Ridley Hall is a theological college located on the corner of Sidgwick Avenue and Ridley Hall Road in Cambridge (United Kingdom), which trains men and women intending to take Holy Orders as deacon or priest of the Church of England, and members of the laity working with children and young people as lay pioneers and within a pastoral capacity such as lay chaplaincy.

History
Ridley Hall was founded in 1881 and named in memory of Nicholas Ridley, a leading Anglican theologian and martyr of the sixteenth century. The college's first principal was the theologian Handley Moule, later Bishop of Durham. It was founded under the same Deed of Trust as its sister college Wycliffe Hall, Oxford and to this day both colleges have the ability to nominate two members to the Hall Council of the other.

Present day
Ridley Hall offers several Common Award qualifications, validated by Durham University.  Although not  a constituent college of the University of Cambridge, the school has ties with the university's Faculty of Divinity.  Some students who are also in a constituent college of the university can be awarded qualifications by Cambridge. Ridley Hall forms part of the Cambridge Theological Federation, along with Westcott House, Westminster College, the Institute for Orthodox Christian Studies, and others.

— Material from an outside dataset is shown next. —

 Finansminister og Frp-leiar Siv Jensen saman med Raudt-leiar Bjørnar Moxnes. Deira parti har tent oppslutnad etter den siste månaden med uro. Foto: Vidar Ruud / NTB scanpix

Ridley Hall's teaching leans towards an evangelical theology. It is one of three Church of England theological colleges that self-identify as "Open Evangelical", the others being Trinity College in Bristol, and Cranmer Hall in Durham.

The current principal of Ridley Hall is Michael Volland. Volland succeeded Andrew Norman, who moved on to become Director of Ministry and Mission in the Diocese of Leeds.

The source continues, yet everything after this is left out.